Closed dkozlov closed 8 months ago
Probably ID: nvidia0
instead of ID: GPU-3187374f-4d6c-93e6-9c79-c5567b3d9202
will solve this problem
I'll look a bit more into this, but this seems pretty much like a kubernetes / GCE bug. One workaround seems to be passing down "relative devices" but as soon as you look at this from a topology optimization angle this workaround breaks...
I think it is also NVIDIA/k8s-device-plugin problem because the same issue could happen on any k8s installation if one of gpu goes down with host restart and pod related to crashed gpu will not be automatically restarted on the another healthy gpu. Probably you could reproduce this issue on bare metal sever by following steps: 1) stop one of gpu-node with attached gpu-pod 2) physically remove one of two gpu devices 3) start the node from step 1) 4) check out the status of gpu-pod (it should be successfully restarted)
@dkozlov I have just seen this error on Microsoft Azure after having stopped and started a VM of type Standard_NV6 (Nvidia Tesla M60).

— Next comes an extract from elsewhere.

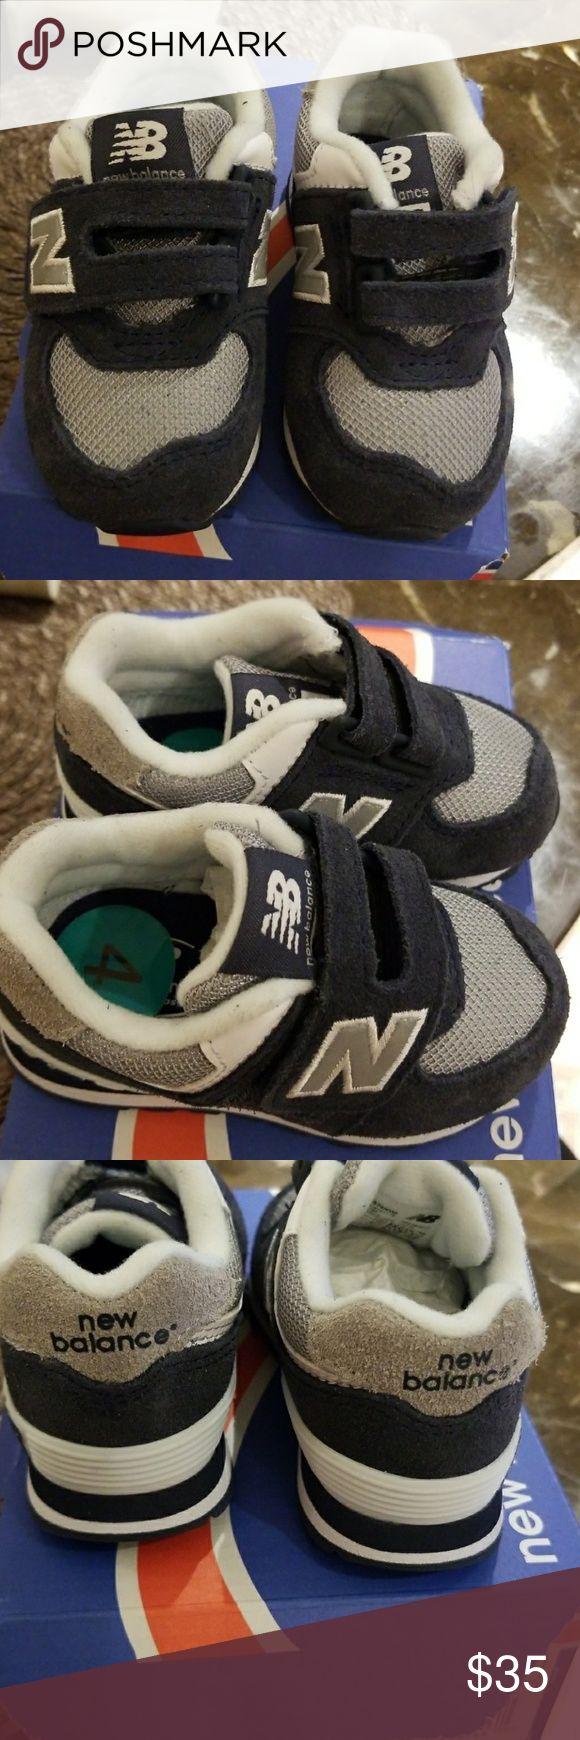 Final Sale Infant New Balance 574 Nwb Blue & Grey New Balance size 4....no lace sneakers New Balance Shoes Baby & Walker
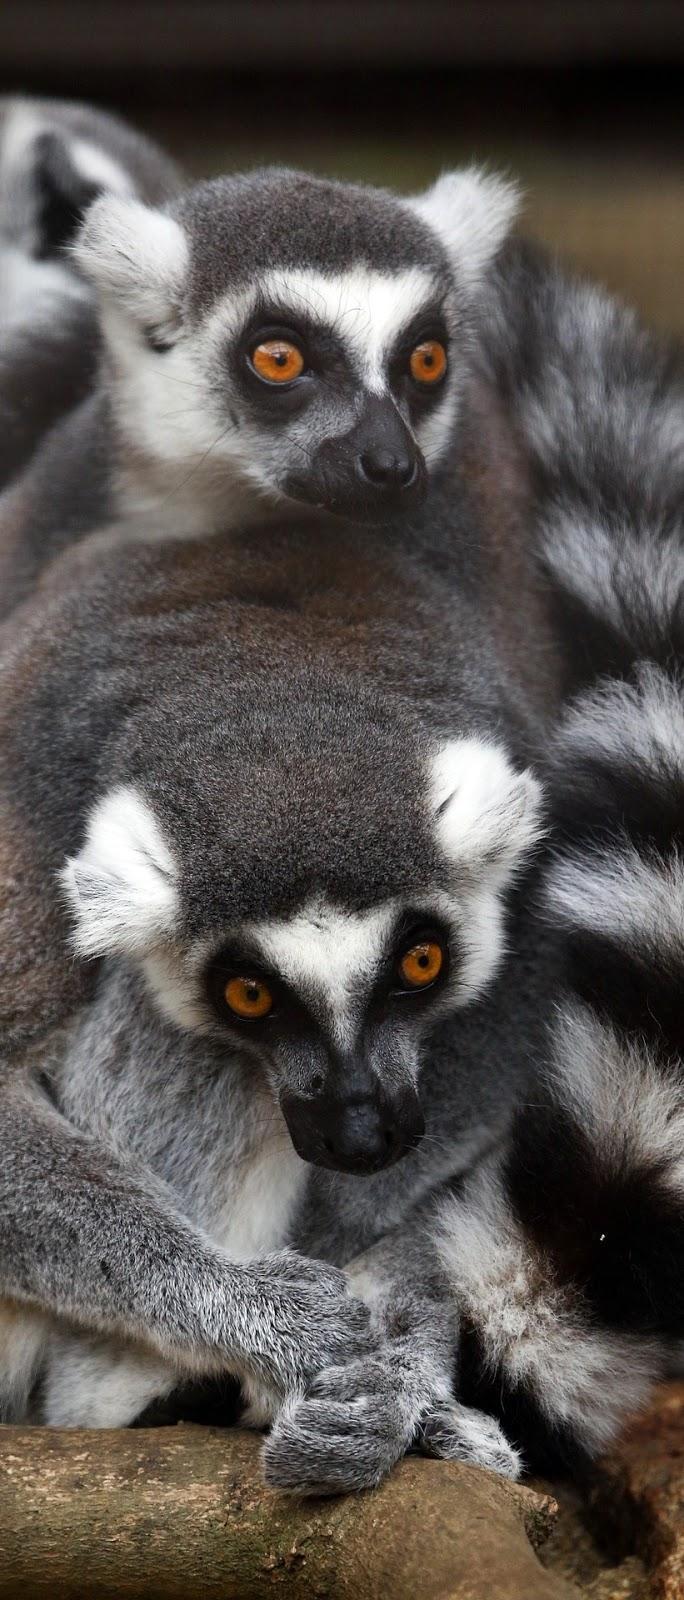 Cute lemurs cuddling.

Stopping a VM deallocates the VM from the underlying hardware and starting it may run it on a different physical machine with a different GPU device id.
Error: failed to start container "xxx": Error response from daemon: OCI runtime create failed: container_linux.go:348: starting container process caused "process_linux.go:402: container init caused \"process_linux.go:385: running prestart hook 0 caused \\\"error running hook: exit status 1, stdout: , stderr: exec command: [/usr/bin/nvidia-container-cli --load-kmods configure --ldconfig=@/sbin/ldconfig.real --device=GPU-26eab6dd-af7b-a940-128d-198b027572bb --compute --utility --require=cuda>=8.0 --pid=26495 /disks/dev/sdc1/aufs/mnt/b850c39687b59a3299c404dff7c235c2e07ae0adfd379d0da2f0b8e3fe87caa6]\\\\nnvidia-container-cli: device error: unknown device id: GPU-26eab6dd-af7b-a940-128d-198b027572bb\\\\n\\\"\"": unknown
nvidia-docker version:
NVIDIA Docker: 2.0.3
Client:
Version: 18.06.1-ce
API version: 1.38
Go version: go1.10.3
Git commit: e68fc7a
Built: Tue Aug 21 17:24:51 2018
OS/Arch: linux/amd64
Experimental: false
Server:
Engine:
Version: 18.06.1-ce
API version: 1.38 (minimum version 1.12)
Go version: go1.10.3
Git commit: e68fc7a
Built: Tue Aug 21 17:23:15 2018
OS/Arch: linux/amd64
Experimental: false
I've looked a bit more into this, and I don't see this scenario being supported any time soon. As was mentioned above you are physically removing the GPU.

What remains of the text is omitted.